UE et agriculture: quelques enseignements d'évolutions récentes

La crise laitière est-elle surmontée ? Quelques lecteurs de cette rubrique ont sans doute remarqué les informations sur le redressement spectaculaire des prix de la poudre de lait écrémé et du beurre. Ce n'est pas un mouvement d'un jour mais une tendance qui dure depuis deux mois. Pour la poudre, les cours ont augmenté de 60% par rapport à février dernier ; pour le beurre, ils ont doublé et ils se rapprochent du sommet historique du début 2008. Depuis quelques semaines, la demande a redémarré. C'est un mouvement mondial qui implique d'abord l'Inde (où les besoins sont jugés « énormes » en raison de la sécheresse et du retard de la mousson), et aussi la Chine (où quelques responsables du scandale de la mélamine ont été entre-temps fusillés), le Mexique, le Maghreb, le Moyen-Orient. Je n'ai pas connaissance d'expressions officielles de soulagement et d'optimisme des producteurs européens, mais il est permis d'espérer que les acheteurs industriels et la grande distribution leur aient permis de bénéficier de cette évolution en cours.

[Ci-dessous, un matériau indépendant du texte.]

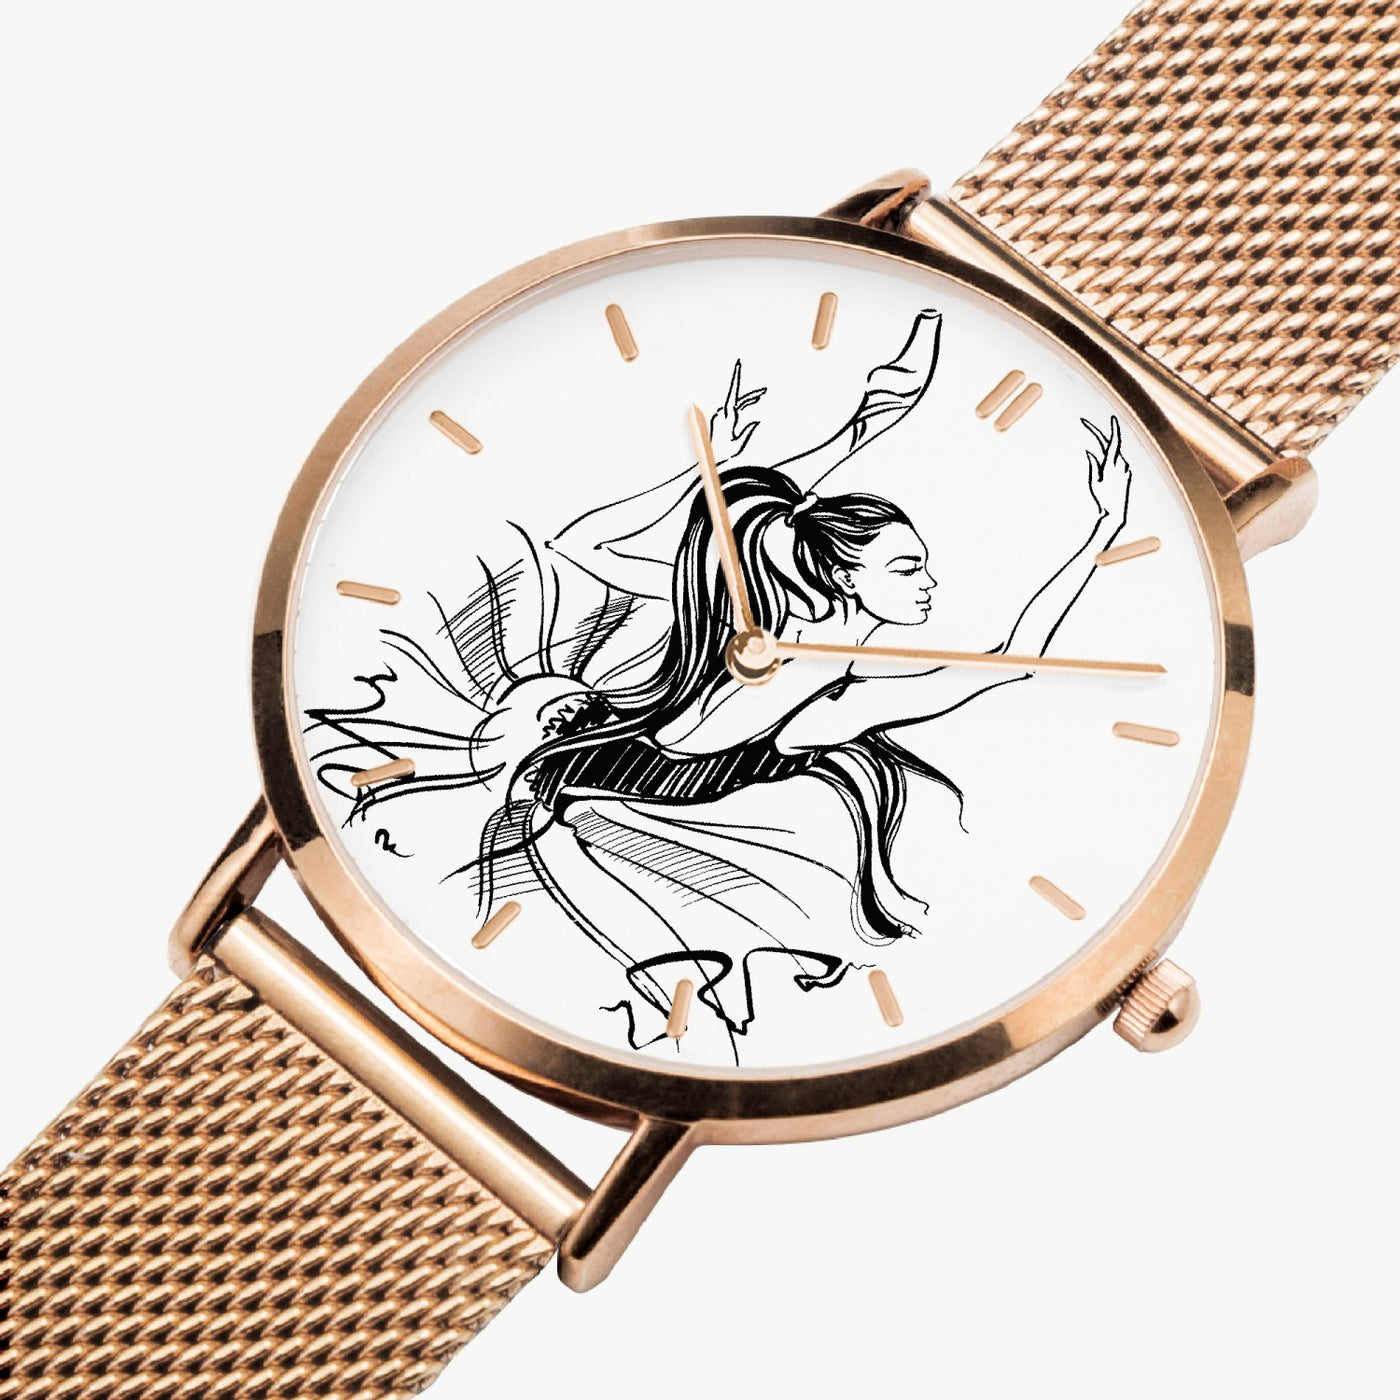 Ballerina - Fashion Ultra-thin Stainless Steel Quartz Watch (With Indicators)

Spécificité confirmée. La signification du revirement dépasse de loin le cas laitier: il confirme la spécificité du secteur agricole, auquel on ne peut pas appliquer les critères valables pour l'industrie en général. Prenez l'exemple de l'industrie automobile: il est possible de ralentir la production, de l'interrompre pendant quelques semaines et la relancer dès que la demande le permet, de modifier ou d'abandonner les modèles qui n'ont pas de succès, d'anticiper ou de prolonger les congés des travailleurs, et des négociations approfondies sont possibles entre les industriels et les syndicats. Pour les vaches, il n'y a pas d'alternatives: il faut les traire chaque jour et les nourrir en permanence, ou les supprimer. Et l'abandon d'une activité agricole, c'est pour toujours. Un territoire abandonné, c'est le gonflement des grandes villes et de leurs banlieues, la fin d'un mode de vie et parfois d'une civilisation. Et si ceci arrive sur une grande échelle, pour plusieurs types de production, c'est la destruction de l'autonomie alimentaire d'un pays, la dépendance des importations et, en même temps, la suppression de la capacité de participer à la lutte contre la faim dans le monde.

La crise laitière récente dans l'UE n'a pas entraîné des conséquences aussi vastes parce qu'elle était sectorielle et que la PAC existe, mais elle est indicative. En l'absence des mécanismes de la politique agricole commune et des quelques mesures spécifiques décidées par les institutions européennes, une partie des éleveurs auraient abandonné leur activité, une partie de la production agricole de l'UE aurait disparu. Certes, il y avait des distorsions et des abus à corriger ; les crises apportent des enseignements, à la condition d'y faire face sans accepter l'abandon des campagnes. Elles permettent de corriger les défauts, de créer des liens directs entre les producteurs et les consommateurs, de mieux contrôler le comportement de l'industrie de transformation et de la grande distribution. Mais j'estime que ce qui est arrivé renforce la validité des considérations générales sur la signification de l'activité agricole en Europe et dans le monde souvent développées dans cette rubrique (dernièrement dans les bulletins N° 9997, N° 9998 et N° 9999).

Excès et lacunes à corriger. Se multiplient entre-temps les efforts pour corriger les lacunes et certains excès de la production agricole européenne, laquelle contribue encore de manière excessive à l'émission des gaz qui empoisonnent l'atmosphère par les abus d'engrais chimiques, de carburants pour les machines agricoles, de pesticides. La recherche d'une productivité maximale artificielle détruit la terre pas l'excès de produits chimiques, et le niveau de consommation énergétique est trop élevé ; d'autres méthodes de production, apparemment moins efficaces dans l'immédiat, sauvent la terre et n'abîment pas l'air qu'on respire. Mais le Parlement européen vient de souligner que si les agriculteurs n'obtiennent pas un juste prix « ils arrêteront la production ». Qu'est-ce qu'ils pourraient faire d'autre ? Et adieu à la lutte contre la faim dans le monde !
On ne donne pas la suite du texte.